We know that Joseph avoided going to Bethlehem, most probably because he had heard about Archelaus’ slaughter of the Jews in Jerusalem; he was probably unaware of what was going to happen in Galilee, and as a result, may have become caught up in a violent situation he did not expect.

Only one biblical film that I know of has portrayed this historical possibility: The Greatest Story Ever Told (1965). Someone connected with the film[6] had evidently studied Roman history and knew about the war of Varus. The film depicts the Romans putting down the rebellion in Judea and Galilee and has the Holy Family, as they return to Nazareth, pass by a row of crosses. Jesus, now about nine months or a year old, watches them. This is an impressive and evocative means of foreshadowing the future. It was also a sign that the life of the Holy Family was like that of so many of their fellow-countrymen at the time – deeply affected by political strife, war and the displacement of people.

[1] Armenian Gospel of the Infancy, XV, 2-3. I have translated the French text from Peeters, Les Evangiles de l’enfance II, pp. 160-61.

[2] “Itinerarium Bernardi Monachi,” ix, Titus Tobler and Augustus Molinier, eds. Itinera Hierosolymitana et descriptions Terrae Sanctae bellis sacris anteriora (Geneva: J.G. Fick, 1879), vol. I, pp. 313-314.

[3] James Cowan, Fleeing Herod: A Journey through Coptic Egypt with the Holy Family, p. 137.

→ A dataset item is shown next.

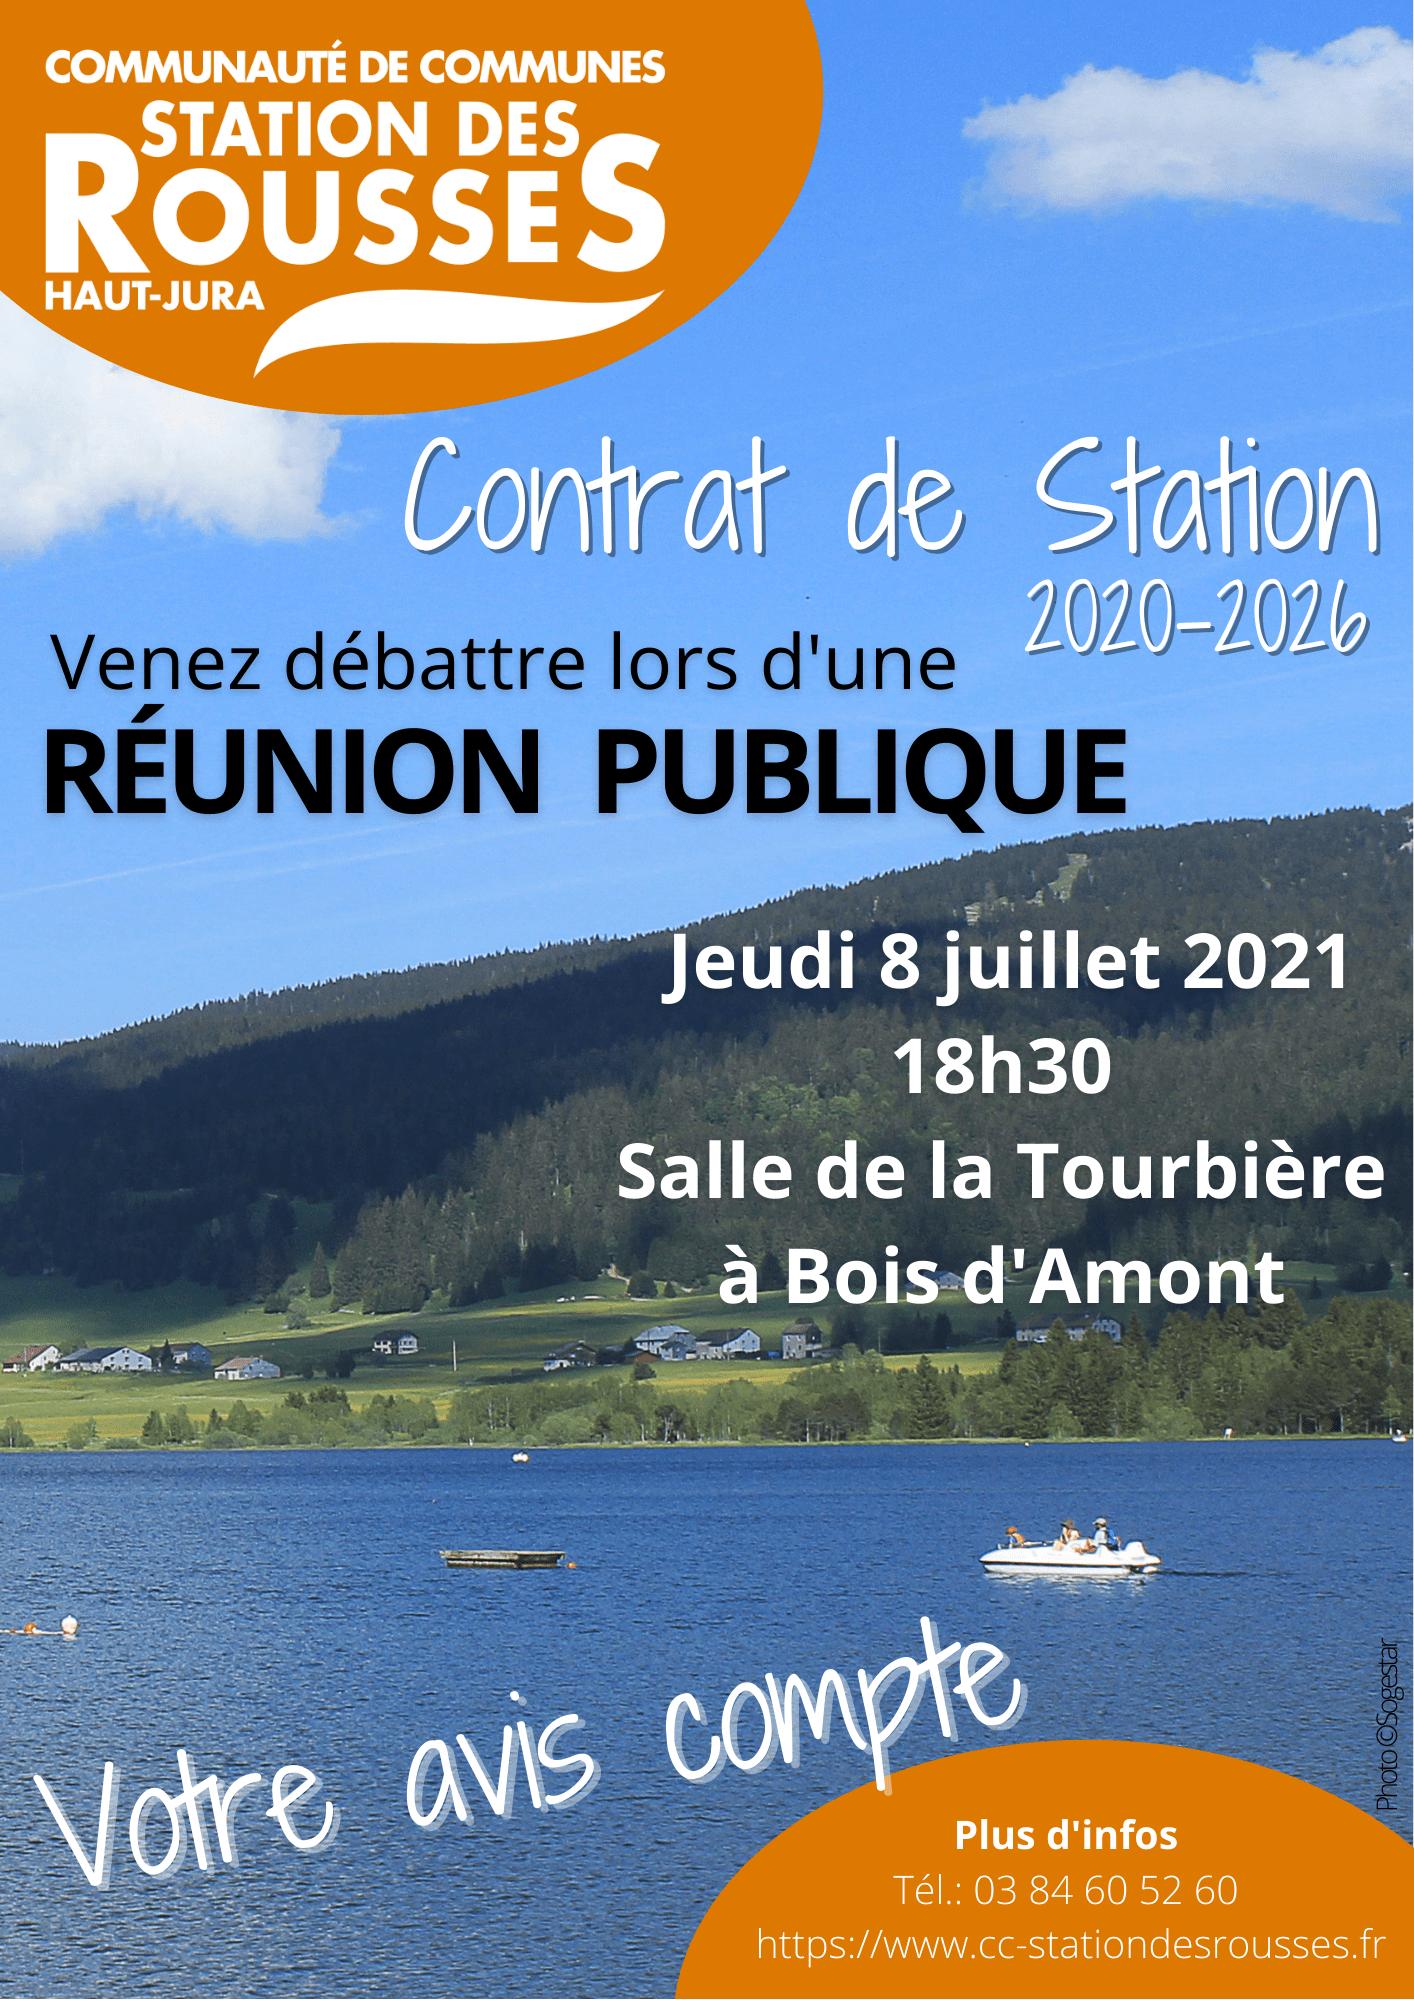 contrat de station 2020-2026 - réunion publique le 8 juillet 2021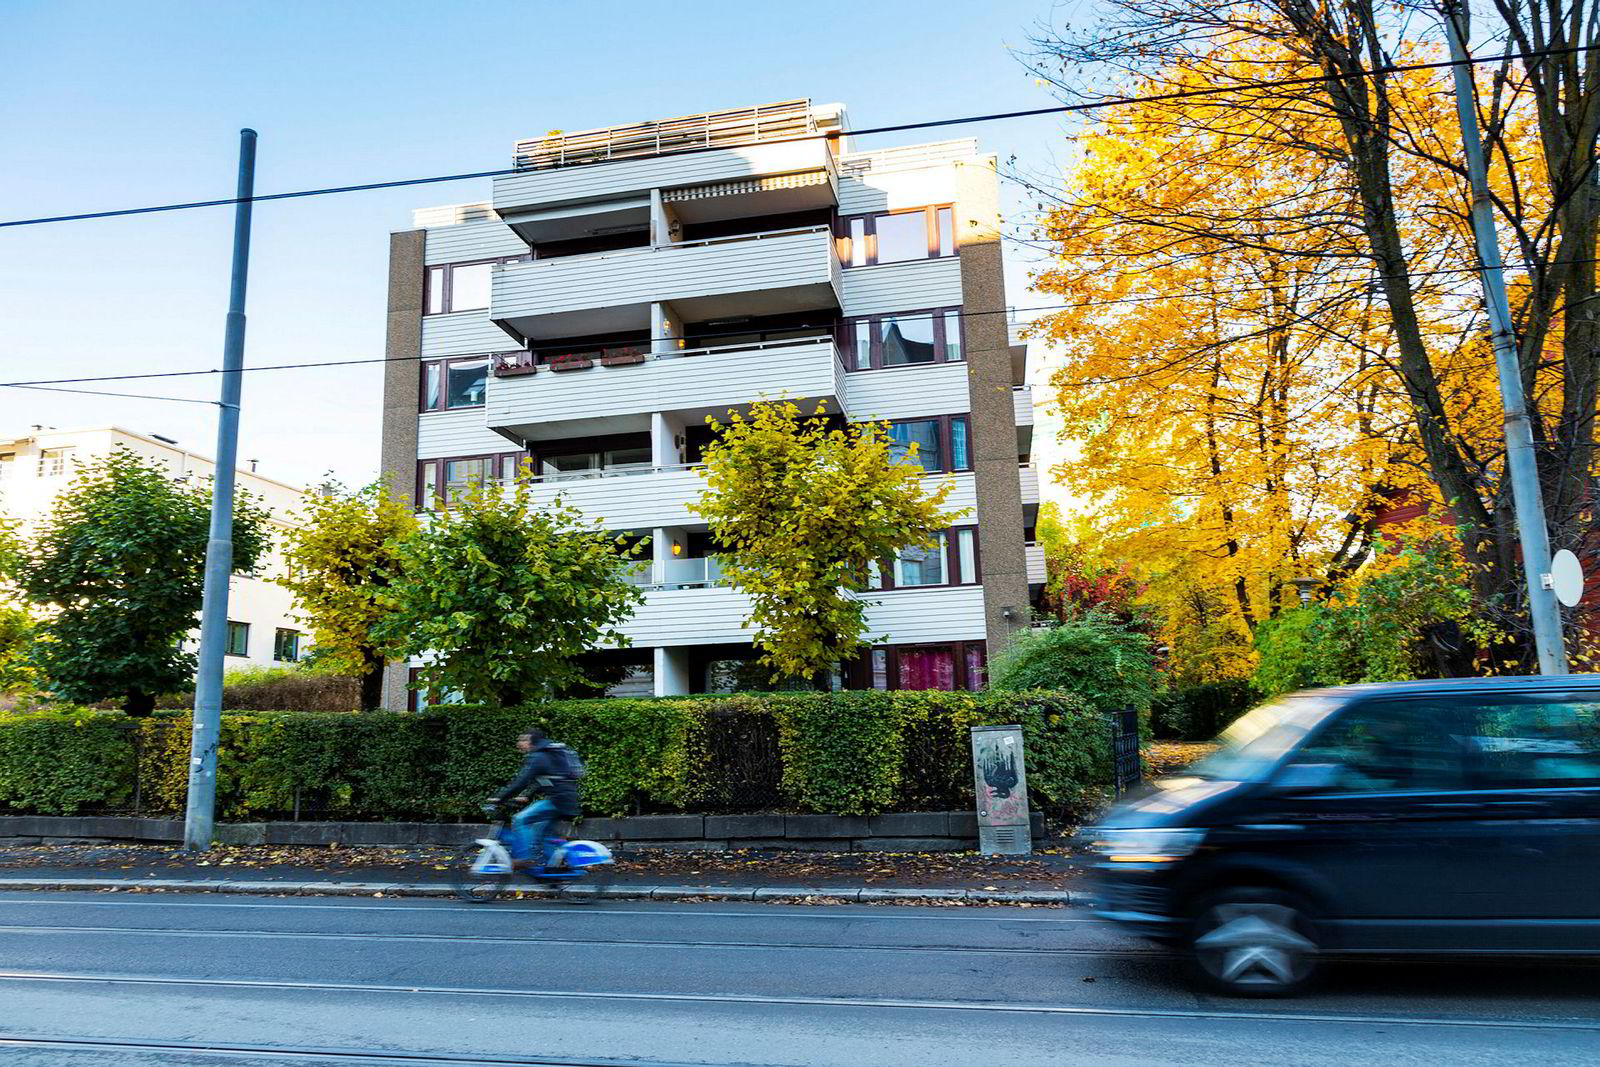 Bjarne Melgaard og moren Gro eier en leilighet sammen i dette leilighetskomplekset i Drammensveien i Oslo.

[4] Hippolytus of Rome, in the early third century, writes in his Commentary on Matthew: “Concerning ‘the days which will be cut short’ (Matt. 24:22) because of the anger of the Antichrist – so the length of time of the Antichrist is three years and [six] months, for as long a time as Christ remained in his flight in Egypt.” The time he is referring to is evidently the seventieth “week of years” mentioned by Daniel.

[5] Josephus, Antiquities, XVIII, X, 9.

[6] The movie was directed by George Stevens, with a screenplay by Stevens and Paul Lee Barrett. It was based on the book of the same name by Fulton Oursler and scripts for a radio show of the same name, written by novelist Henry Denker, who also wrote novels set at the time of Jesus. This historical reference to the war of Varus doesn’t occur in Oursler’s work, I think it may have come from Denker, though I haven’t really been able to research it.